- Venue: Peacock Theater (preliminary phase) Crypto.com Arena (final phase) Los Angeles, California
- Dates: July 15–30, 2028
- No. of events: 14 (7 men, 7 women)
- Competitors: 248

= Boxing at the 2028 Summer Olympics =

The boxing competitions are set to be contested at the 2028 Summer Olympics in Los Angeles, California, United States. The venue for the prelims will be the Peacock Theater and the finals will be held at Crypto.com Arena.

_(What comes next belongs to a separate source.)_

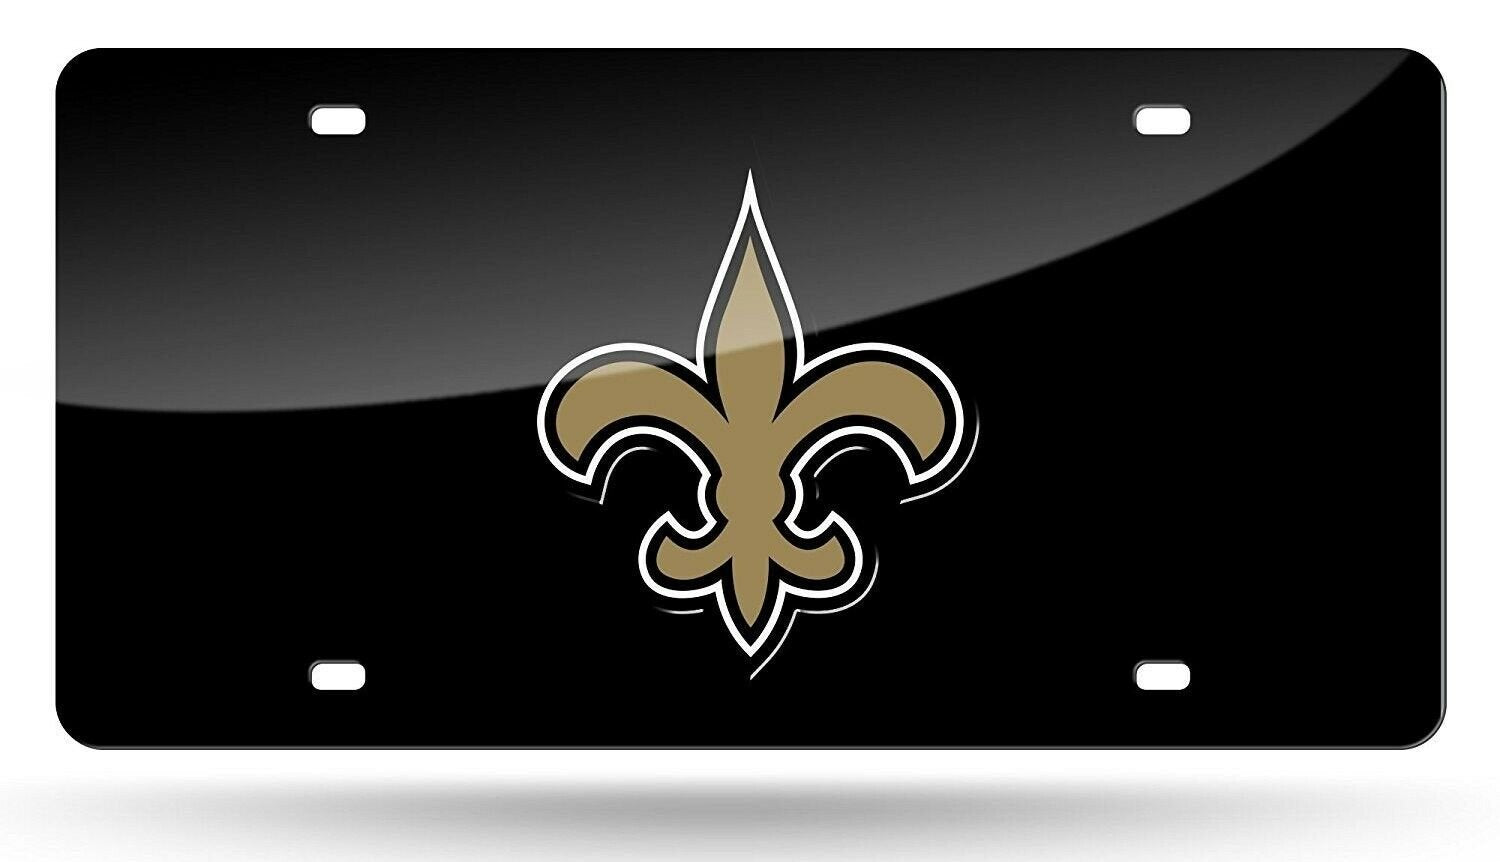 New Orleans Saints Premium Laser Cut Tag License Plate, Black Fleur De Lis, Mirrored Inlaid Acrylic, 12x6 Inch

The sport was at risk of being excluded from the Olympic program for the first time since 1912 after the suspension of the International Boxing Association in 2019 over governance and integrity issues, leading to the 2020 and 2024 editions having been organized by the International Olympic Committee, and the sport not having been included in the initial program of the 2028 Summer Olympics. IBA was then stripped of recognition by the IOC in June 2023. In May 2024, the new international organization, World Boxing, which was established a year before for the purpose of maintaining boxing as an Olympic sport, held its first formal meeting with the IOC. In March 2025, during the 144th IOC session, boxing was unanimously voted to be included in the 2028 games.

In April 2025, the IOC announced that one additional women's weight class would be added to boxing for parity with the men's events, bringing the total to 14 medal events.